ECLI:NL:RVS:2011:BU4100

Raad van State

Datum uitspraak
2 november 2011
Publicatiedatum
5 april 2013
Zaaknummer
201109935/2/V4
Instantie
Raad van State
Type
Uitspraak
Procedures
  • Voorlopige voorziening
Rechters
  • A.B.M. Hent
  • J.H. van der Winden
  • H.H.C. Visser
Vindplaatsen
  • Rechtspraak.nl
AI samenvatting door LexboostAutomatisch gegenereerd

Voorlopige voorziening in vreemdelingenrechtelijke zaak met betrekking tot uitzetting naar Italië

In deze zaak heeft de Raad van State op 2 november 2011 uitspraak gedaan over een verzoek om voorlopige voorziening van een vreemdeling die in hoger beroep was gegaan tegen een eerdere uitspraak van de voorzieningenrechter van de rechtbank 's-Gravenhage. De vreemdeling had een aanvraag voor een verblijfsvergunning asiel voor bepaalde tijd ingediend, welke door de minister voor Immigratie en Asiel was afgewezen in een besluit van 9 augustus 2011. De voorzieningenrechter had het beroep van de vreemdeling ongegrond verklaard op 6 september 2011. De vreemdeling vorderde een voorlopige voorziening om te voorkomen dat hij zou worden uitgezet naar Italië, terwijl zijn hoger beroep nog in behandeling was.

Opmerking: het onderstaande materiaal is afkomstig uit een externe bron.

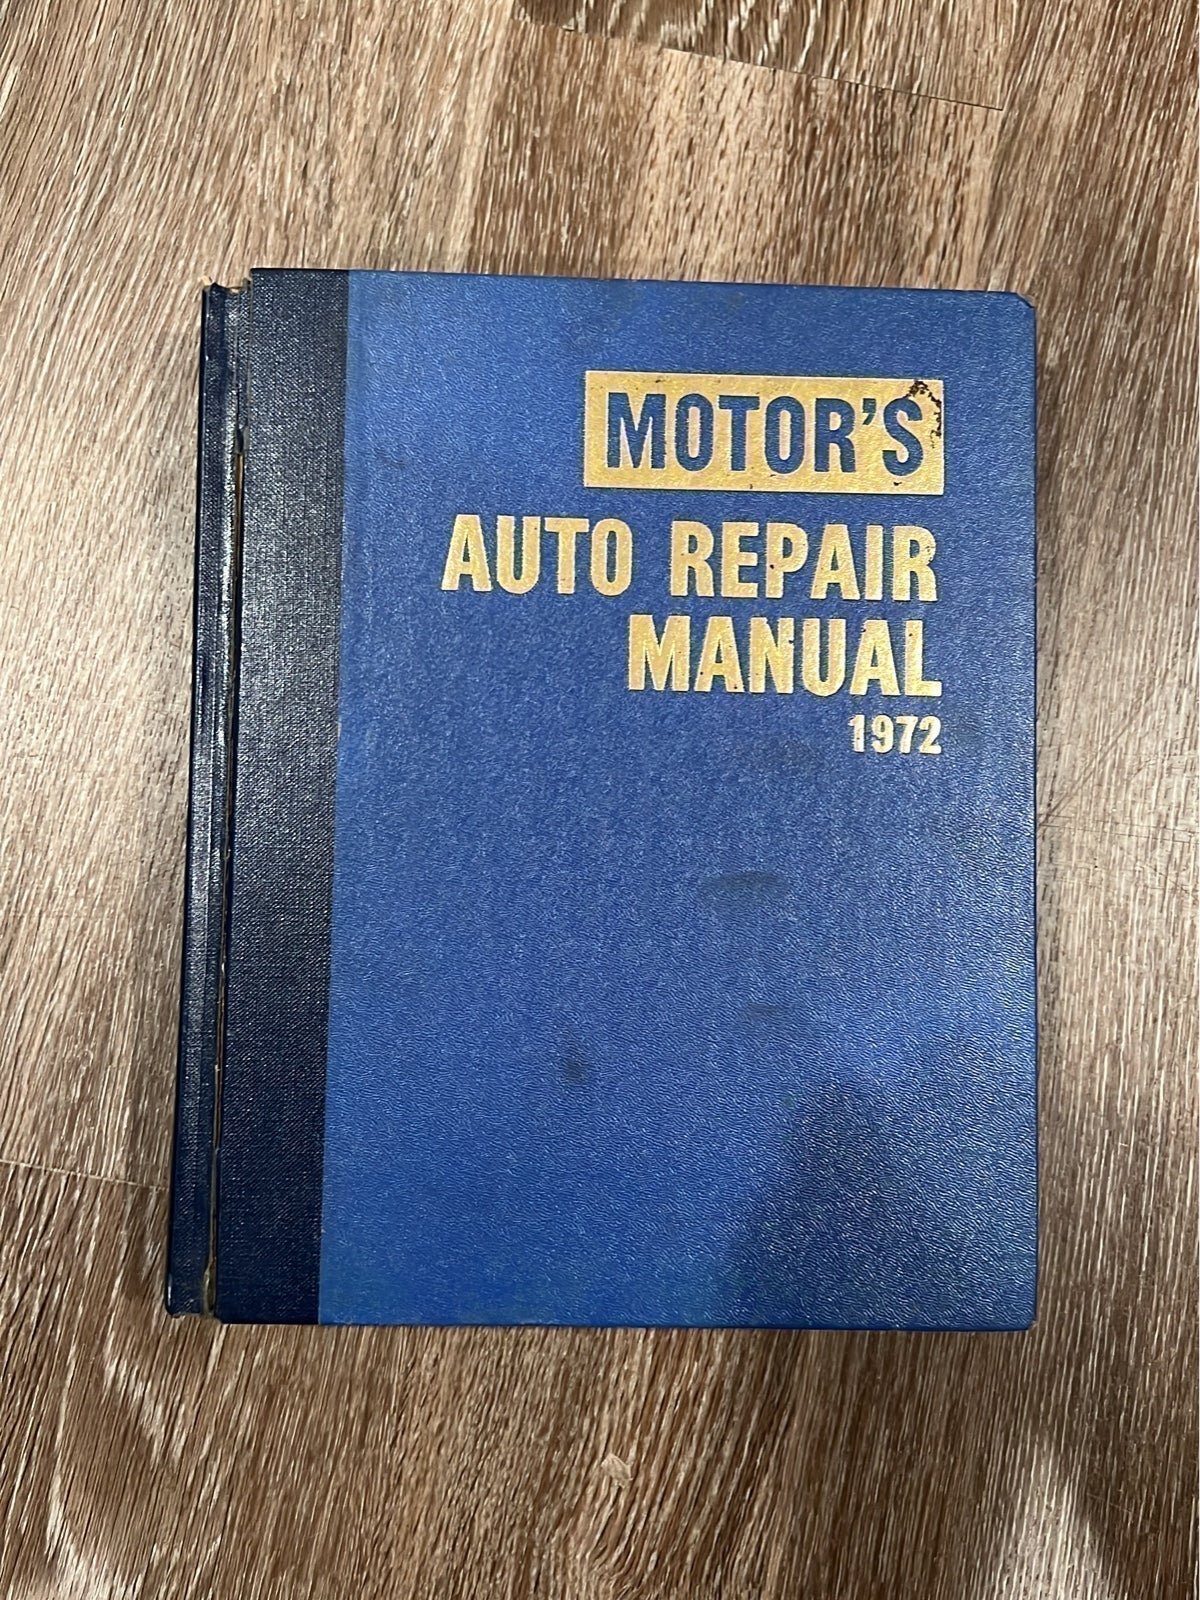 Motor’s Auto repair manual 1972 93RmTCvhY

De voorzitter van de Raad van State oordeelde dat de minister niet voldoende gemotiveerd had gereageerd op de documenten waar de vreemdeling een beroep op deed. De voorzitter wees erop dat de minister enkel had verwezen naar een eerdere uitspraak van 14 juli 2011, zonder in te gaan op de specifieke documenten die relevant waren voor de beoordeling van de situatie in Italië. Dit motiveringsgebrek kon leiden tot vernietiging van de eerdere uitspraak en het bestreden besluit.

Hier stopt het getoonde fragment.